_Problem_
Provide an exact copy of the data, excluding the images.

_Stored data_
━━━━━━━━━━━━━━━━━━━━

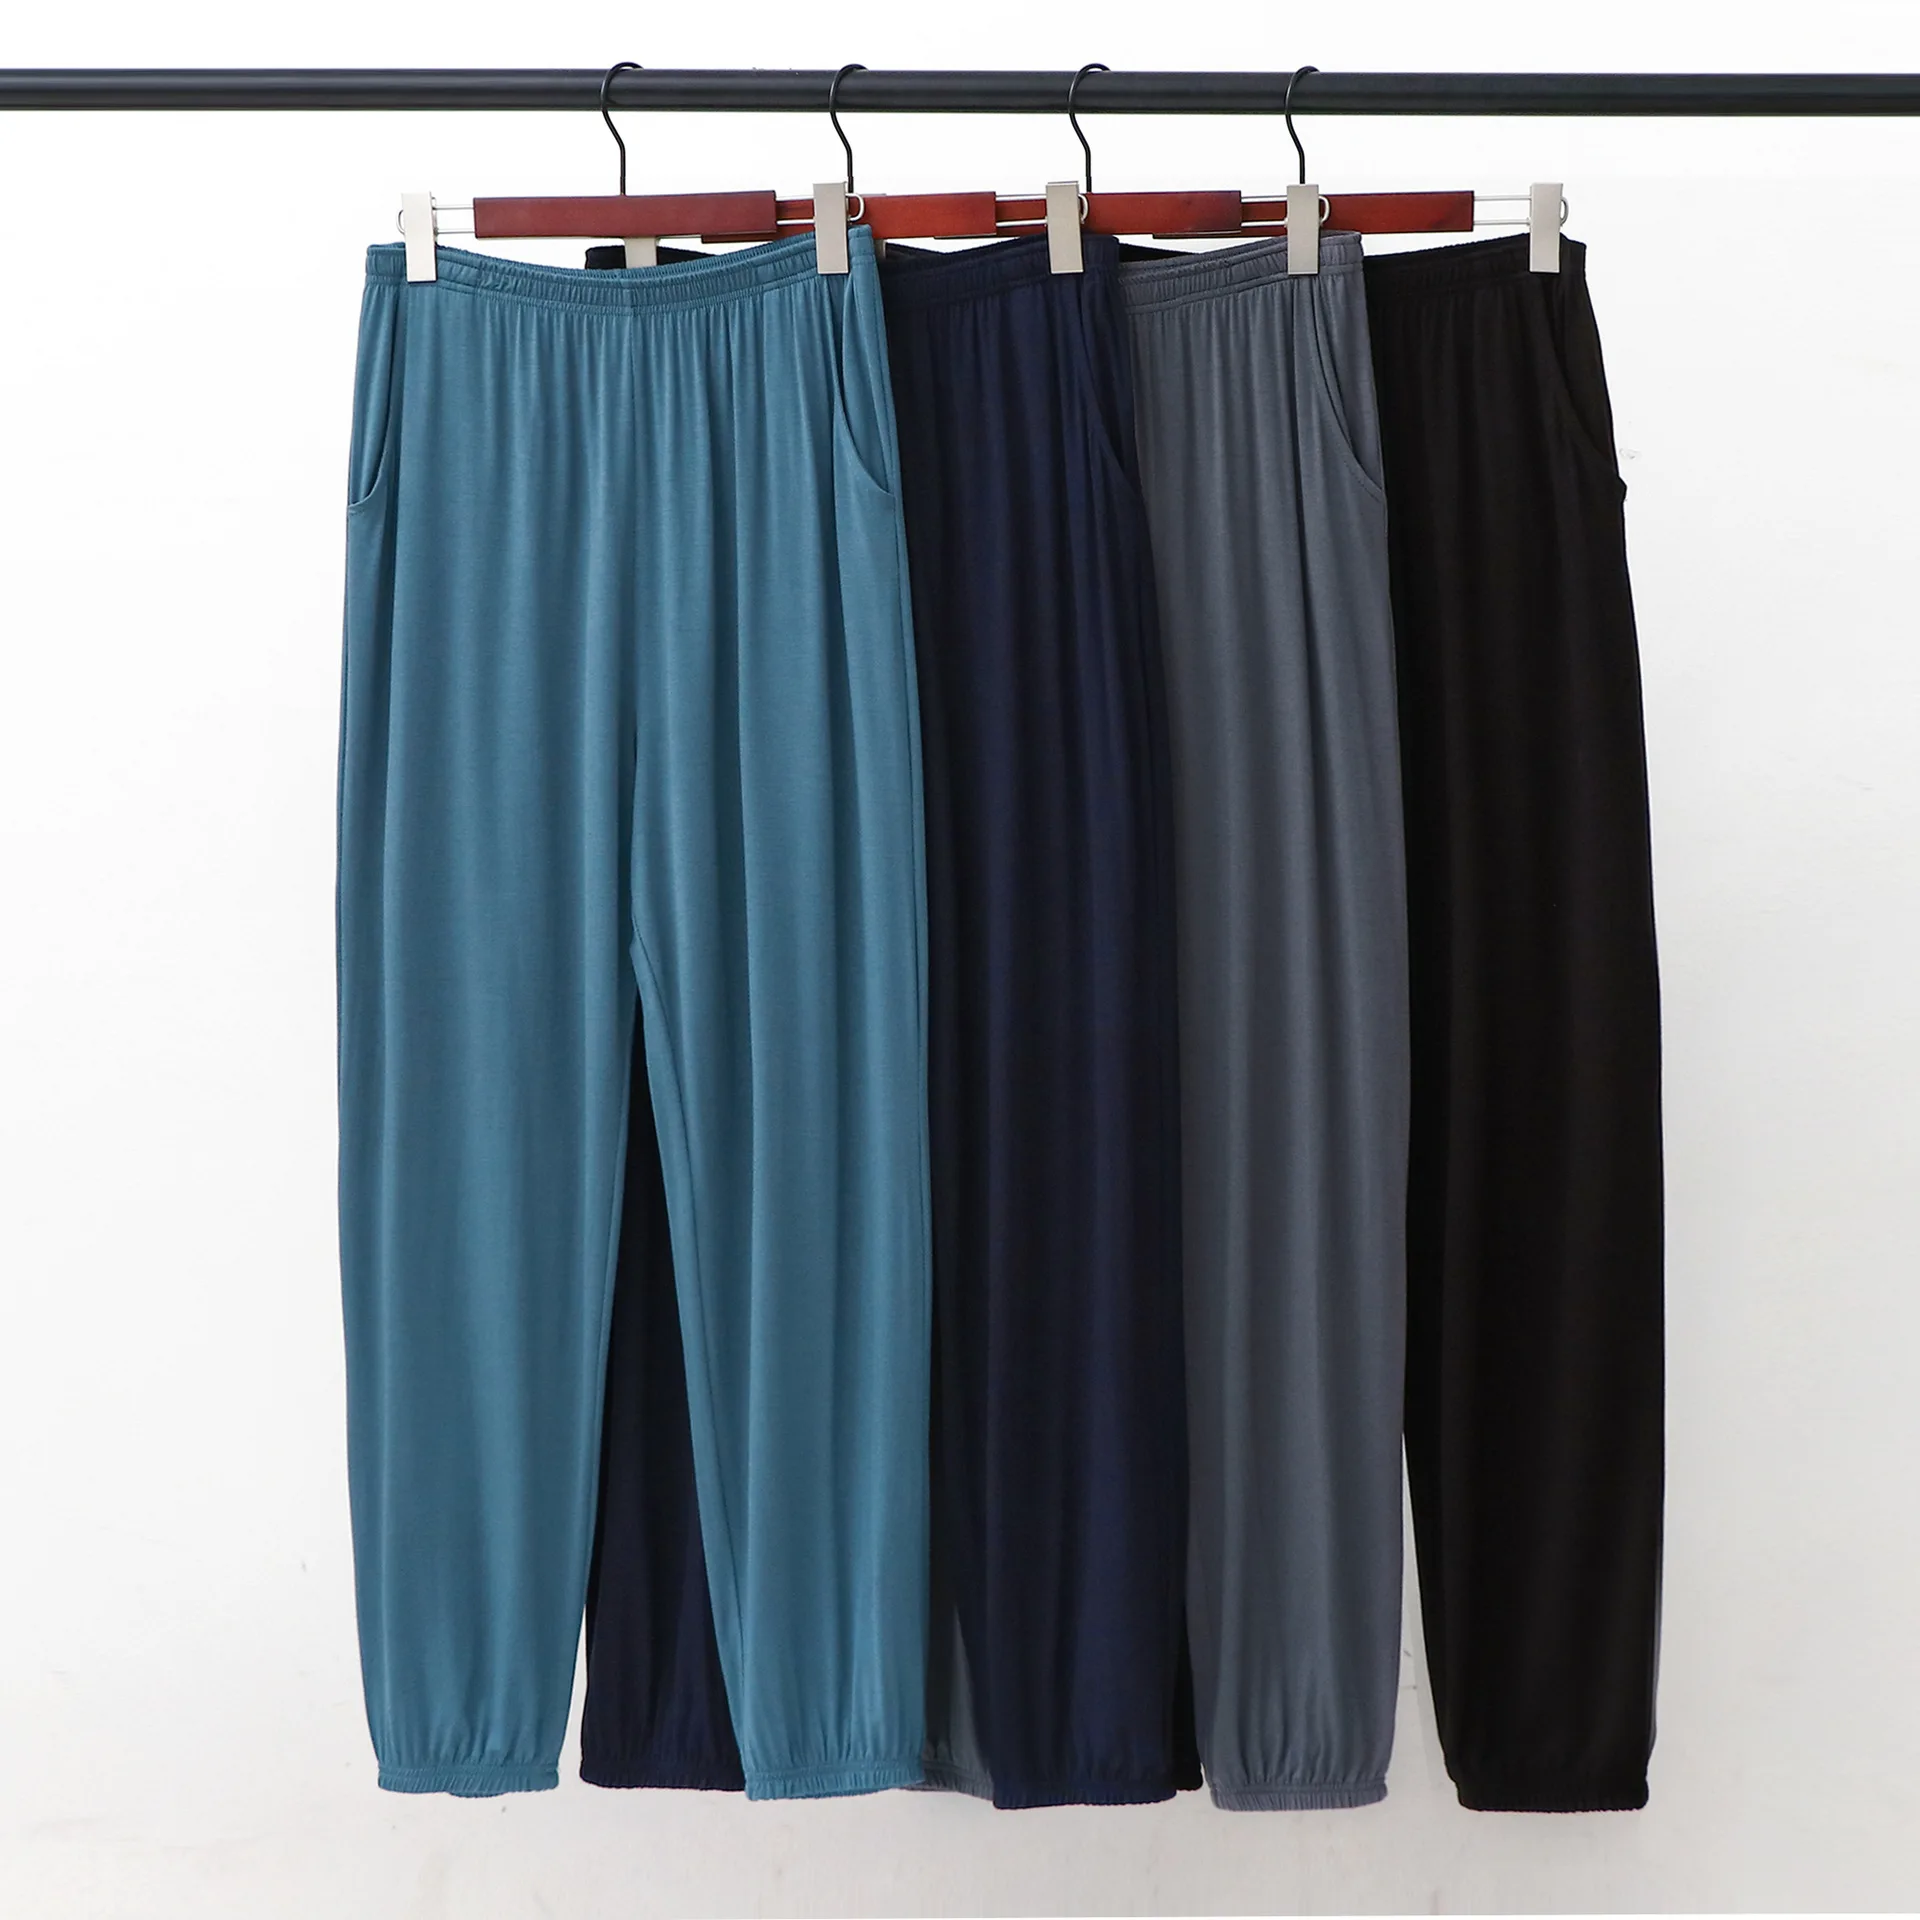 Fdfklak Casual Solid Color 4XL-6XL Sleepwear Men's Pajama Pants Spring Summer Modal Trousers for Men Pajamas Male Comfortable
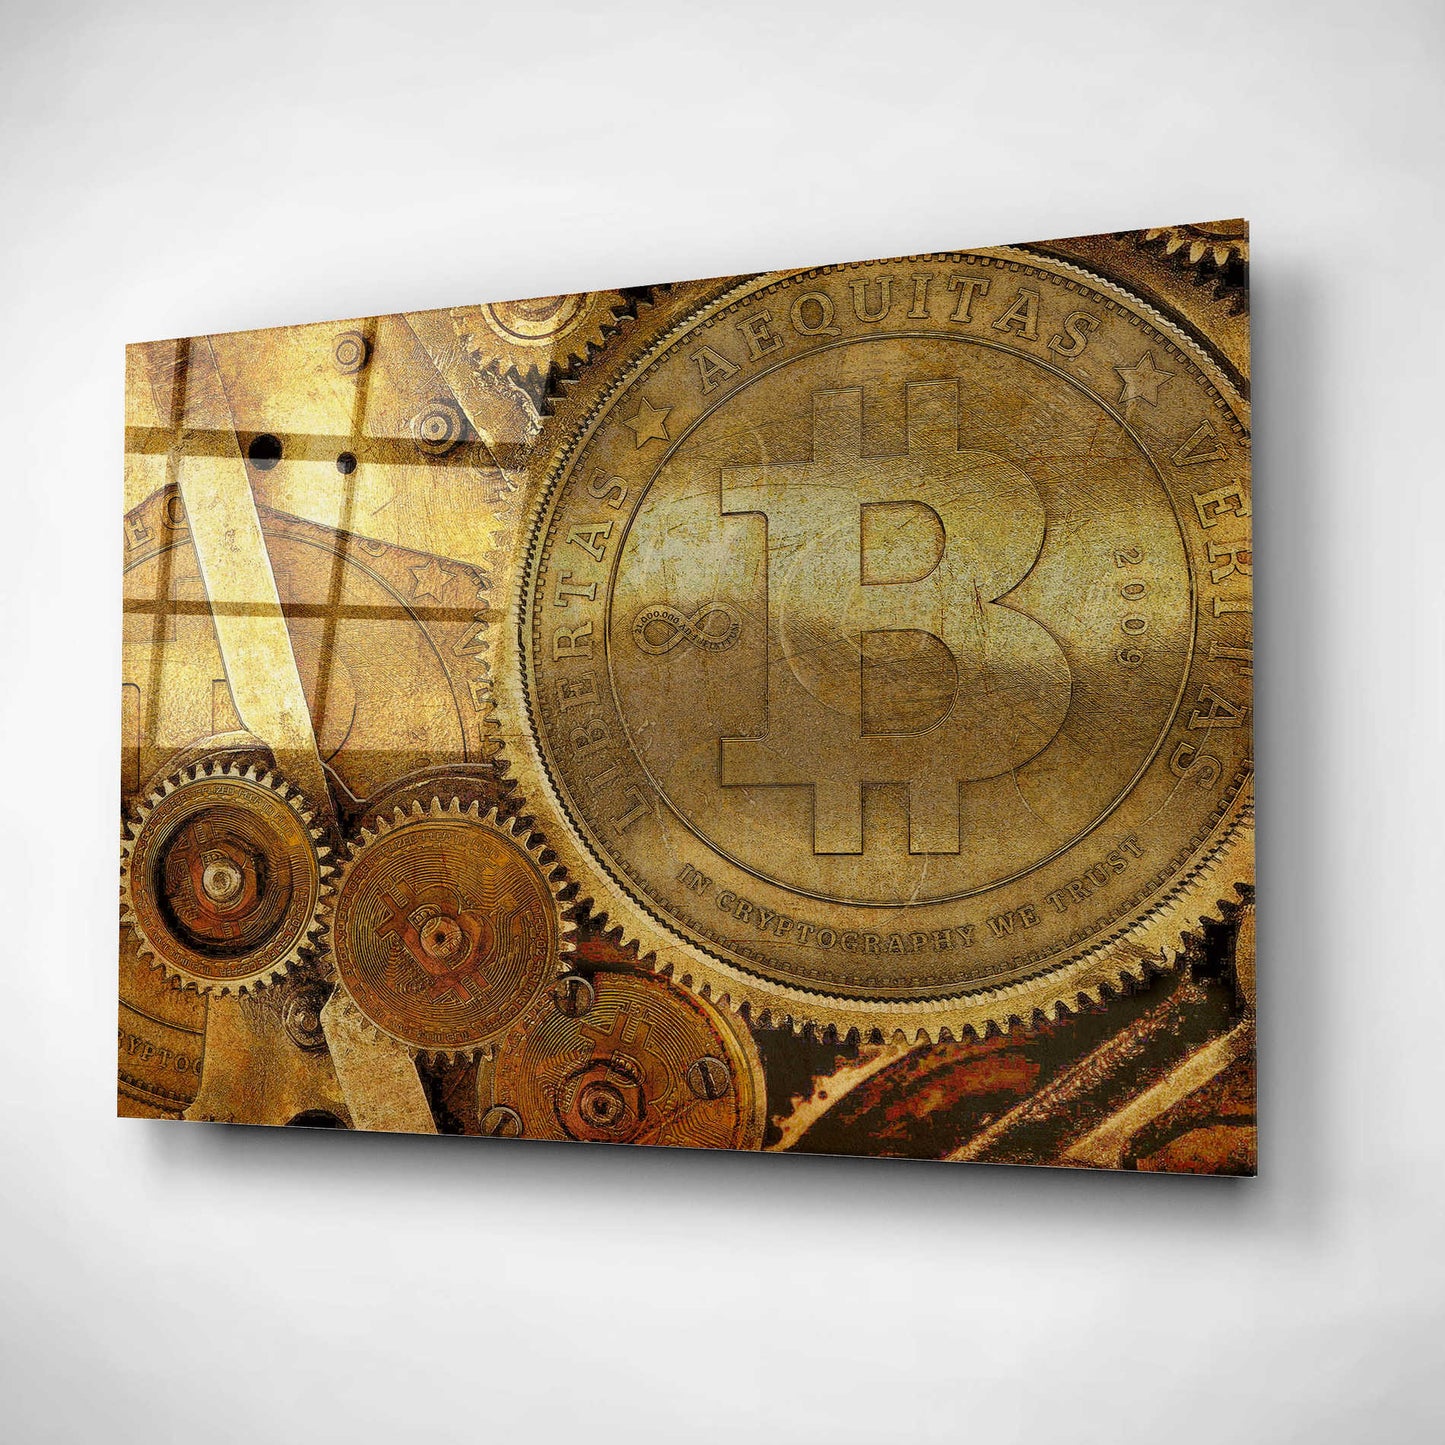 Epic Art 'Grunge Bitcoin One' by Steve Hunziker, Acrlic Glass Wall Art,16x12
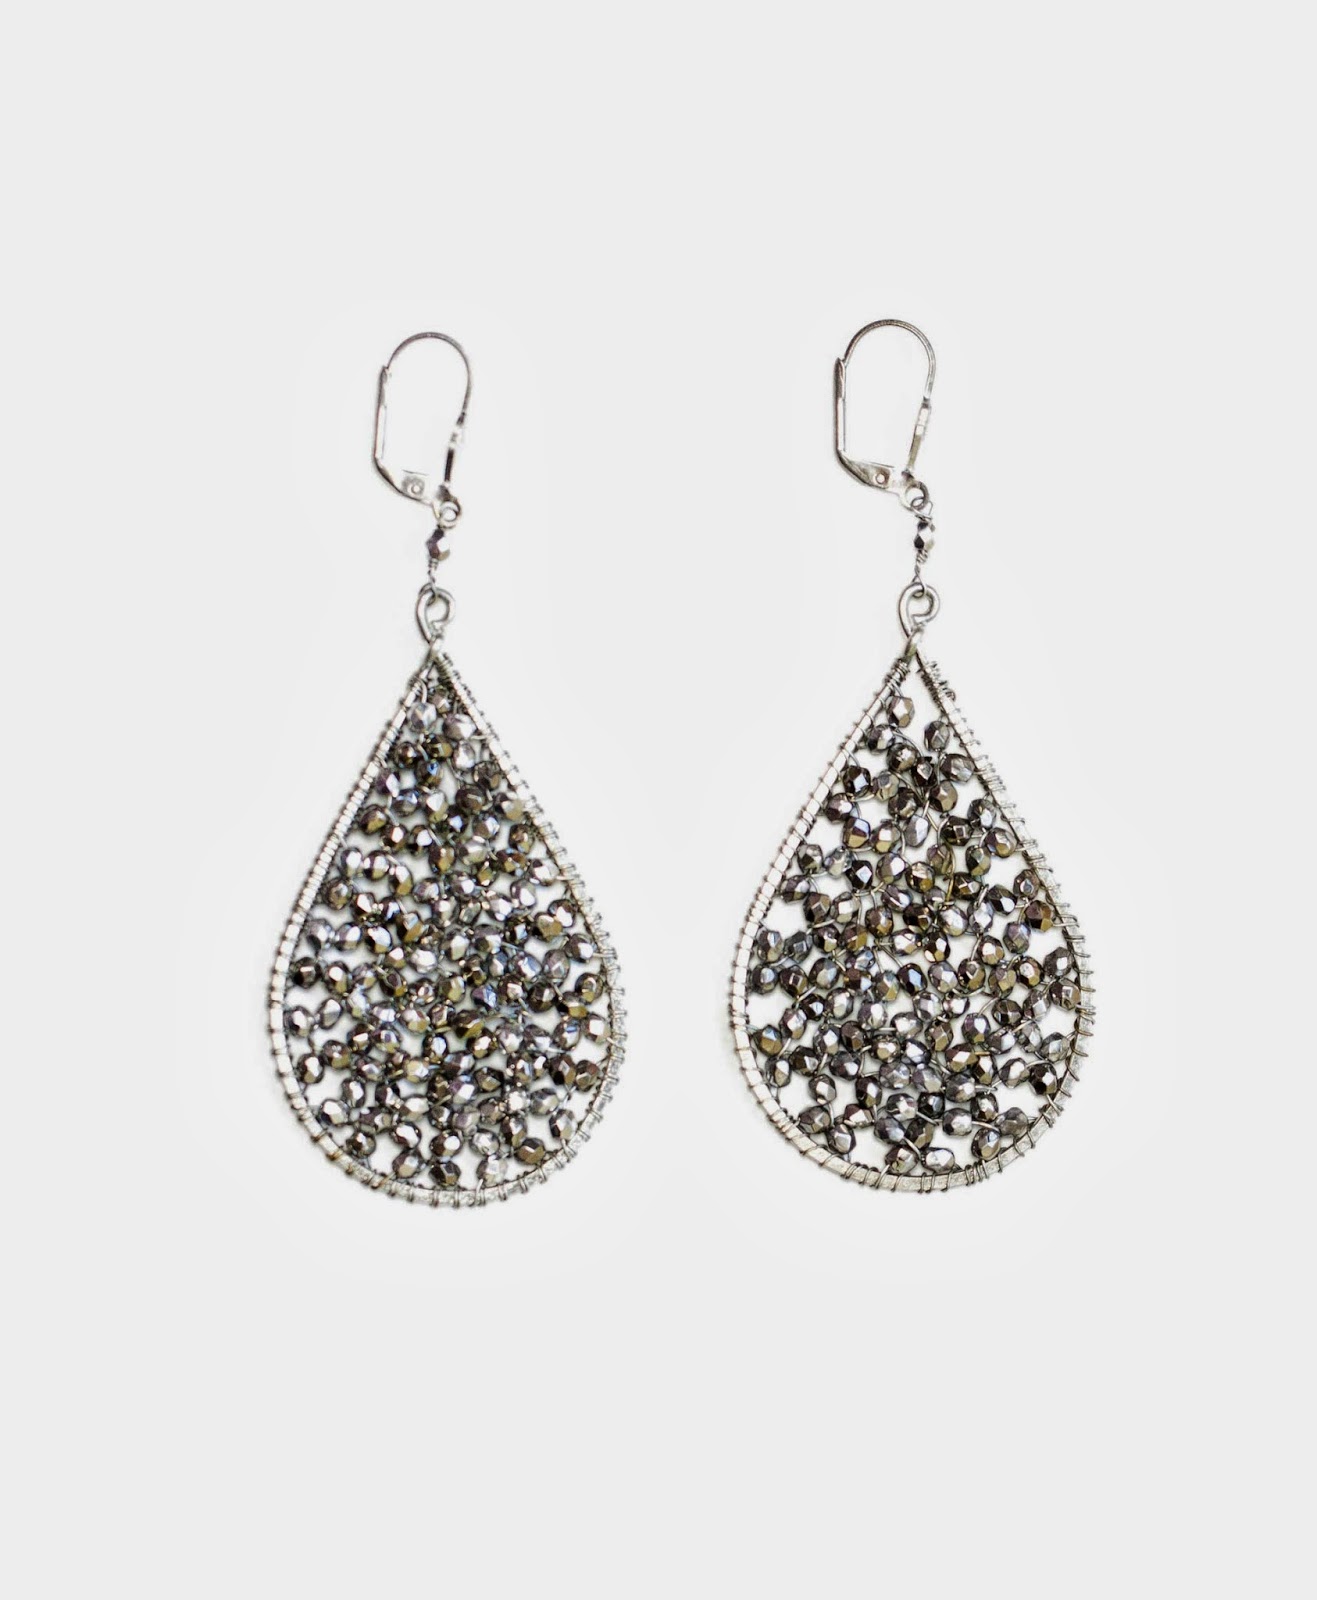 http://www.katemcnatt.noondaycollection.com/earrings/water-drop-prism-earrings

━━━━━━━━━━━━━━━━━━━━

_The answer_
 Fdfklak Casual Solid Color 4XL-6XL Sleepwear Men's Pajama Pants Spring Summer Modal Trousers for Men Pajamas Male Comfortable
 Epic Art 'Grunge Bitcoin One' by Steve Hunziker, Acrlic Glass Wall Art,16x12
 http://www.katemcnatt.noondaycollection.com/earrings/water-drop-prism-earrings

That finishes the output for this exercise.